Coiled Tubing OD Depth of Pay Zone Maximum Friction (inches) (feet)
(psi/1,000 feet) 1 3/4 3,000 4,560 23/8 3,000 1,680 13/4 5,000
4,200 23/8 5,000 1,200 13/4 8,000 3,700 23/8 8,000 850
Specific Example
For testing of the process, a four well project with each of the
wells having four pay zones to be fractured individually was
selected having a shallow well depth of about 1,500 feet and
utilizing coiled tubing of 2 3/8 inch outer diameter. Each of the
individual zones are isolated by a mechanical packer adjacent the
upper end of each zone and a sand plug adjacent the lower end of
each zone. Each of the pay zones was perforated prior to the
beginning of the fracturing operation utilizing coiled tubing in
one trip. Two types of packers were utilized as the upper packer.

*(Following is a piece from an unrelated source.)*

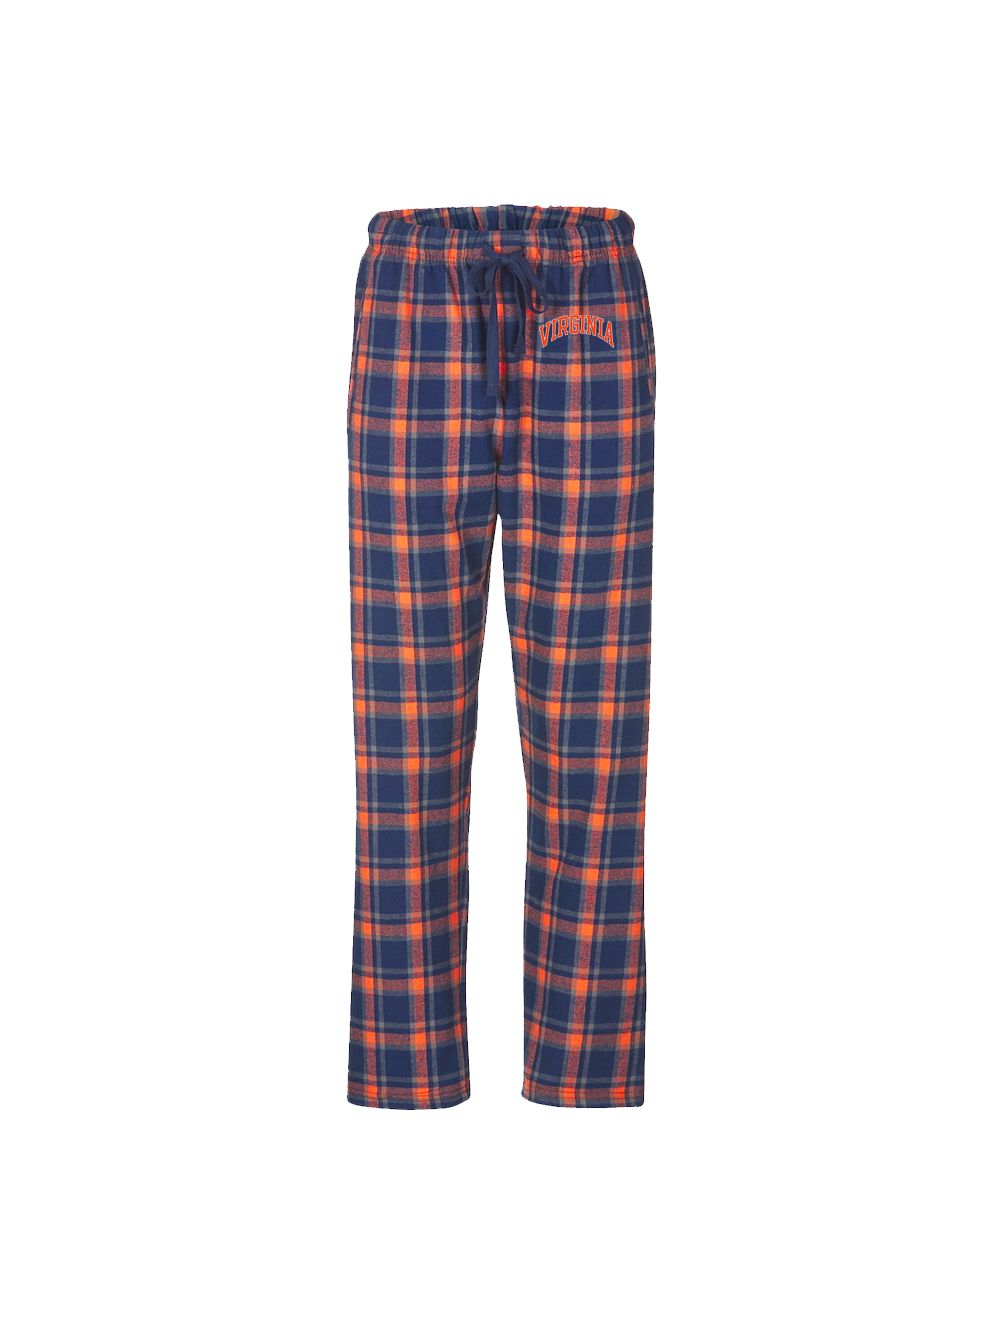 Boxercraft Flannel Shorts

One of the packers was a Baker Model ADI Tension Packer sold by
Baker Hughes, Inc. of Houston, Tex. The other upper packer was an
inverted swab cup arrangement utilizing one or two downwardly
facing cups in series to allow easy movement of the coiled tubing
from one zone to another zone without having to mechanically set
and unset the packer. A one meter tail pipe was suspended from the
end of the coiled tubing. The fracturing material was pumped at a
rate between about 1 and 1 1/2 cubic meters a minute to initiate
fracture breakdown and then the rate was increased for the
remainder of the treatment to about 2 cubic meters per minute. The
well was fractured with a suitable amount of fluid and proppant
varying with the selected zone and increasing the concentration of
sand. At the end of the pumping of the fractured fluid, the pump
was switched to a flush position and sand was added to provide a
suitable sand plug of about 20 to 30 meters in height. When the
pump is shut down, the sand settled to create a sand plug across
the perforations of the zone which was fractured. After testing of
the sand plug, the packer was released and lifted to the next zone
for hydraulic fracturing. The sand plug for each of the four pay
zones was effective and a relatively fast sand placement was
achieved.
In another test, an inverted swab cup was positioned about the
coiled tubing above the pay zone. Thus, the utilization of coiled
tubing for fracturing multiple relatively shallow pay zones with
isolation provided by a mechanical packer and a sand plug for each
zone was successfully completed. Further, utilizing swab cups in
lieu of the mechanical packer and later in lieu of the sand plugs
were found to be highly effective and resulted in a minimum of time
in hydraulic fracturing of the plurality of zones as movement from
one zone to another zone was minimized.
While preferred embodiments of the present invention have been
illustrated in detail, it is apparent that modifications and
adaptations of the preferred embodiments will occur to those
skilled in the art. However, it is to be expressly understood that
such modifications and adaptations are within the spirit and scope
of the present invention as set forth in the following claims.